## Task directions
Repeat, exactly as written, the line containing "Tag Heuer Carrera" and each line after it through the end of the data.

::: Data to use :::

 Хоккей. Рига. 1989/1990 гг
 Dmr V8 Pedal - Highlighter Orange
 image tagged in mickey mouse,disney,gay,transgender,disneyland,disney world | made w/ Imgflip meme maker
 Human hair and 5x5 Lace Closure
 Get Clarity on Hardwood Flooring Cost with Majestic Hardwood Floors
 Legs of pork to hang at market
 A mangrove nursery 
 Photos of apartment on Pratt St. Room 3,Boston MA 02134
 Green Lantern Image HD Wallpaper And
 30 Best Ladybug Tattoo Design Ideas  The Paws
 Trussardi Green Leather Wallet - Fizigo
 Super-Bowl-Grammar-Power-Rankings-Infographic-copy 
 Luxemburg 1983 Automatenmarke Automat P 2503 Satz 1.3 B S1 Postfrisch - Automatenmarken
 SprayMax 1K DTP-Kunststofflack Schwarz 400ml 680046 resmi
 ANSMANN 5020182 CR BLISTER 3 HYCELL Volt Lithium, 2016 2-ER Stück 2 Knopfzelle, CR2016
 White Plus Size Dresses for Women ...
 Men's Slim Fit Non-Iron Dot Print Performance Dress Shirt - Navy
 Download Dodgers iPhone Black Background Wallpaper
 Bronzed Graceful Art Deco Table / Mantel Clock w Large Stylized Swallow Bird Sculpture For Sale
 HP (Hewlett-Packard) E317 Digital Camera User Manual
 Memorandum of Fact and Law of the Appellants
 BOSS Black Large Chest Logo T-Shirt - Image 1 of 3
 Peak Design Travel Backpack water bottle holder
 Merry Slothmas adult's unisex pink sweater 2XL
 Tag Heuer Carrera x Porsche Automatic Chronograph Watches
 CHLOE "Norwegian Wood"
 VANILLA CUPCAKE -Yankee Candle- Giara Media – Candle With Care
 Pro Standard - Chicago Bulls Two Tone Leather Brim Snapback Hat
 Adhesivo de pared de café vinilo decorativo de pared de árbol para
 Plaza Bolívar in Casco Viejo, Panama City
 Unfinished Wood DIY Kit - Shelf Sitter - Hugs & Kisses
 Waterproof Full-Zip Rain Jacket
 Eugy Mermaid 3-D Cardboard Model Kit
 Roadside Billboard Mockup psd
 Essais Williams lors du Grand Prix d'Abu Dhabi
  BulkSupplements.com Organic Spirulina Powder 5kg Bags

:::

## Output of the exercise
 Tag Heuer Carrera x Porsche Automatic Chronograph Watches
 CHLOE "Norwegian Wood"
 VANILLA CUPCAKE -Yankee Candle- Giara Media – Candle With Care
 Pro Standard - Chicago Bulls Two Tone Leather Brim Snapback Hat
 Adhesivo de pared de café vinilo decorativo de pared de árbol para
 Plaza Bolívar in Casco Viejo, Panama City
 Unfinished Wood DIY Kit - Shelf Sitter - Hugs & Kisses
 Waterproof Full-Zip Rain Jacket
 Eugy Mermaid 3-D Cardboard Model Kit
 Roadside Billboard Mockup psd
 Essais Williams lors du Grand Prix d'Abu Dhabi
  BulkSupplements.com Organic Spirulina Powder 5kg Bags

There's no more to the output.